From above outputs and with compare to our model's output we can clearly conclude few points :

- Similarity score in our model are very high compare to pretrained model but we are not able to get accurate result in our model.
- In pre-trained model similarity score is low compare to our model because pretrained model built upon large dataset.
- Using pre-trained model we can also compare how efficient our model is.

**Note:** As pre-trained model have large dataset we can't predict excepted values from most_similar.

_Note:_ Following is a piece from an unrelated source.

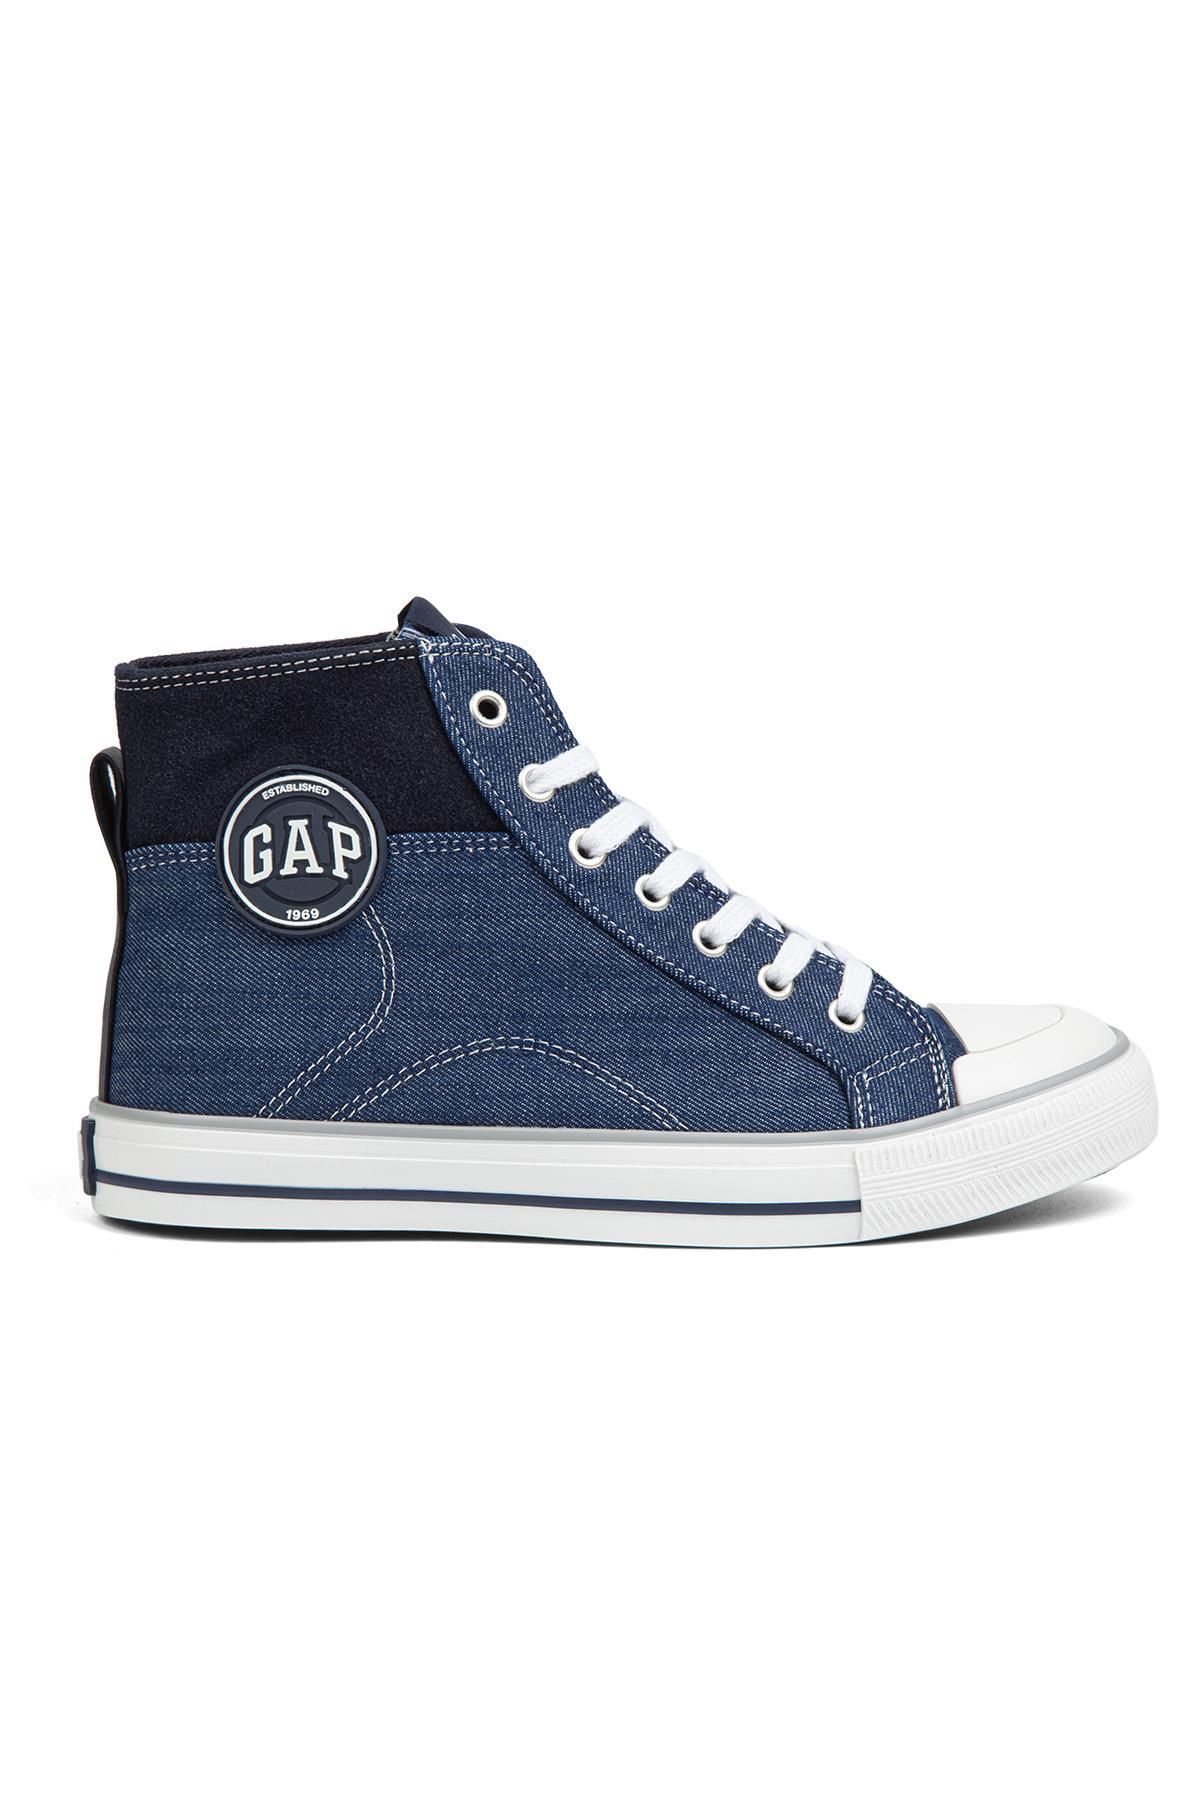 GAP ® | GP-1026 Kot Lacivert-Kadın Spor Ayakkabı

### 1.13 Difference between most_similar and similar_by_vector :

- The most_similar similar function retrieves the vectors corresponding to "king", "woman" and "man", and normalizes them before computing king - man + woman.
- The function call model.similar_by_vector(v) just calls model.most_similar(positive=[v]).